I would like to transform it in order to have one row per reading. To my understanding, every transformation should produce a new DataFrame, so the following should work:

import org.apache.spark.sql.functions.explode
val exploded = df
    .withColumn("reading", explode(df("data.reading")))
    .withColumn("timeStamp", explode(df("data.timeStamp")))
    .drop("data")
exploded.printSchema
// root
//  |-- date: double (nullable = true)
//  |-- userId: long (nullable = true)
//  |-- timeStamp: double (nullable = true)
//  |-- reading: double (nullable = true)

结果模式是正确的,但我得到了每个值两次:

The resulting schema is correct, but I get every value twice:

exploded.show
// +-----------+-----------+-----------+-----------+
// |       date|     userId|  timeStamp|    reading|
// +-----------+-----------+-----------+-----------+
// |        100|          1|        101|          1|
// |        100|          1|        101|          1|
// |        100|          1|        102|          2|
// |        100|          1|        102|          2|
// |        200|          1|        201|          3|
// |        200|          1|        201|          3|
// |        200|          1|        202|          4|
// |        200|          1|        202|          4|
// +-----------+-----------+-----------+-----------+

我的感觉是,关于两次爆炸的懒惰评估有一些我不明白的地方.

My feeling is that there is something about the lazy evaluation of the two explodes that I don't understand.

有没有办法让上面的代码工作?还是我应该一起使用不同的方法?

Is there a way to get the above code to work? Or should I use a different approach all together?

推荐答案

结果模式是正确的,但我得到了两次每个值

The resulting schema is correct, but I get every value twice

虽然架构正确,但您提供的输出并未反映实际结果.在实践中,您将获得每个输入行的 timeStampreading 的笛卡尔积.

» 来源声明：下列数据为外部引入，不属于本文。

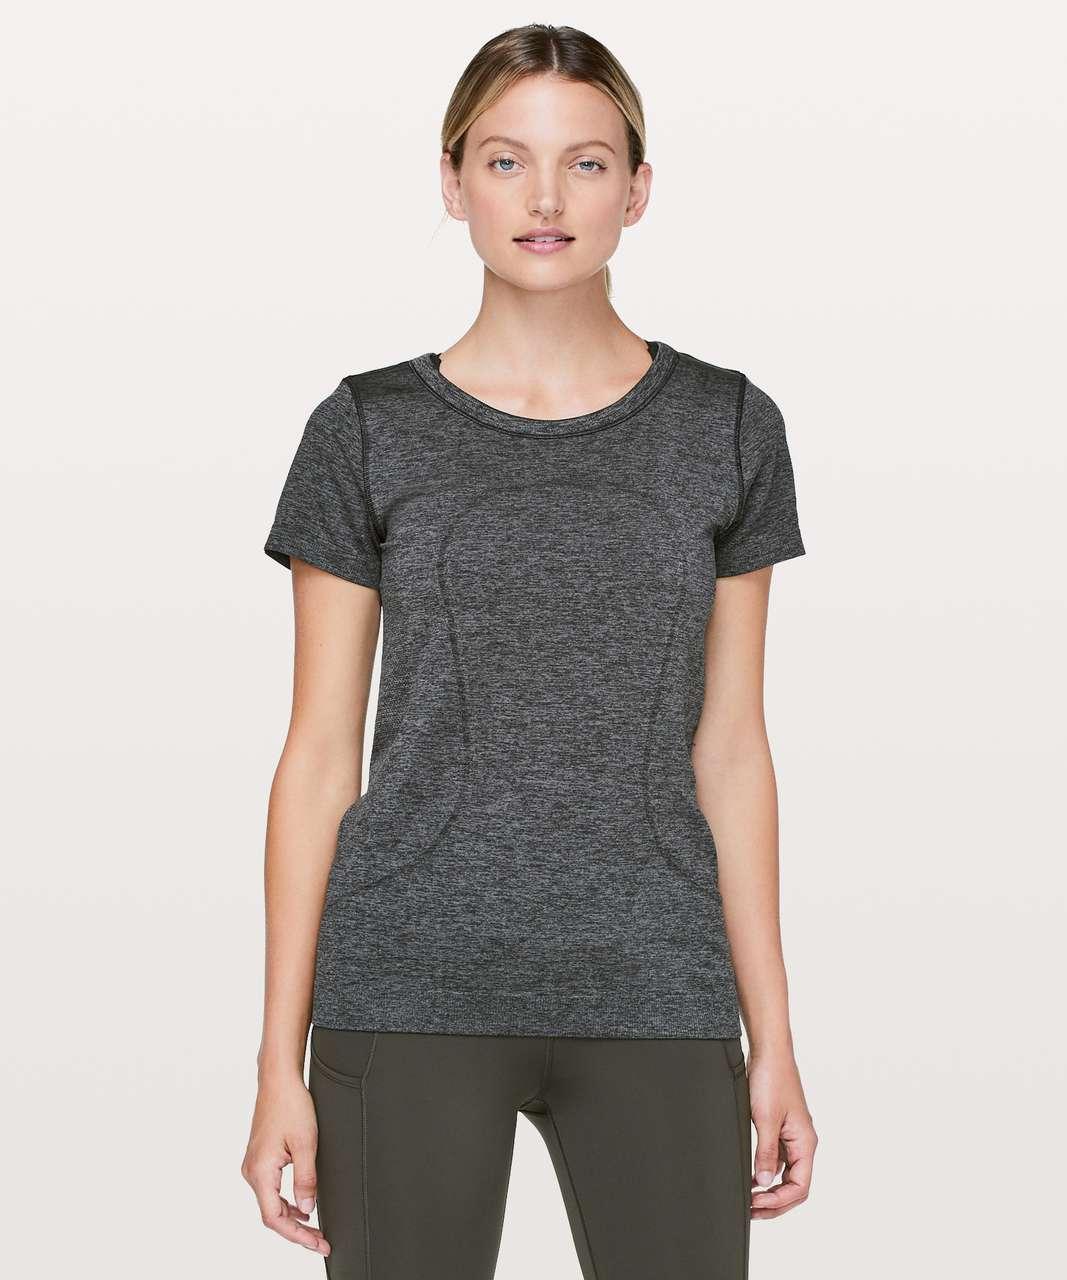 Lululemon Grey short sleeve workout shirt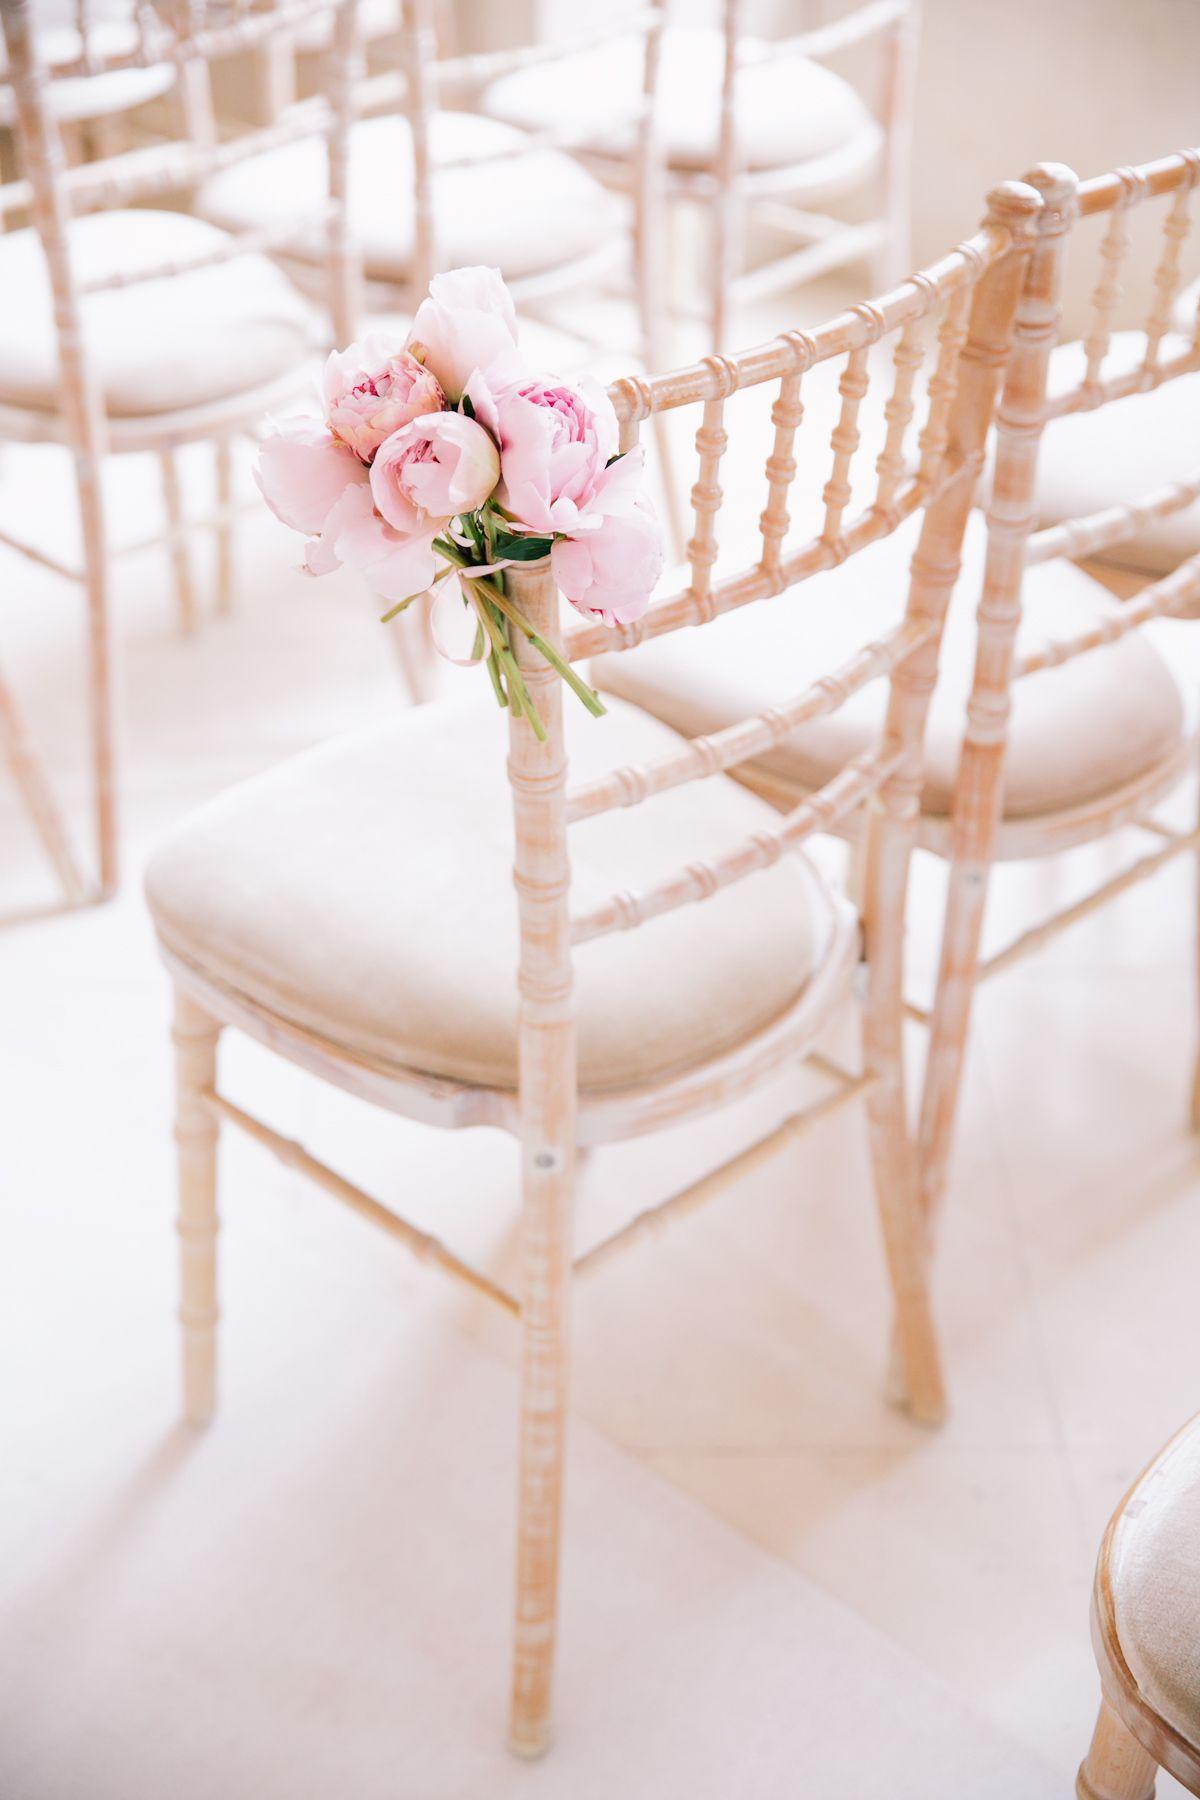 dc maryland washington chivari sashes chairs sash rental chiavari chair

While schema is correct the output you've provided doesn't reflect actual result. In practice you'll get Cartesian product of timeStamp and reading for each input row.

我的感觉是懒惰评估有一些东西

My feeling is that there is something about the lazy evaluation

不,它与懒惰评估无关.你使用 explode 的方式是错误的.要了解发生了什么,让跟踪 date 等于 100 的执行:

No, it has nothing to do with lazy evaluation. The way you use explode is just wrong. To understand what is going on lets trace execution for date equal 100:

val df100 = df.where($"date" === 100)

循序渐进.第一次 explode 将生成两行,一行代表 1,另一行代表 2:

step by step. First explode will generate two rows, one for 1 and one for 2:

val df100WithReading = df100.withColumn("reading", explode(df("data.reading")))

df100WithReading.show
// +------------------+----+------+-------+
// |              data|date|userId|reading|
// +------------------+----+------+-------+
// |[[1,101], [2,102]]| 100|     1|      1|
// |[[1,101], [2,102]]| 100|     1|      2|
// +------------------+----+------+-------+

第二次爆炸为上一步中的每行生成两行(timeStamp 等于 101 和 102):

The second explode generate two rows (timeStamp equal 101 and 102) for each row from the previous step:

val df100WithReadingAndTs = df100WithReading
  .withColumn("timeStamp", explode(df("data.timeStamp")))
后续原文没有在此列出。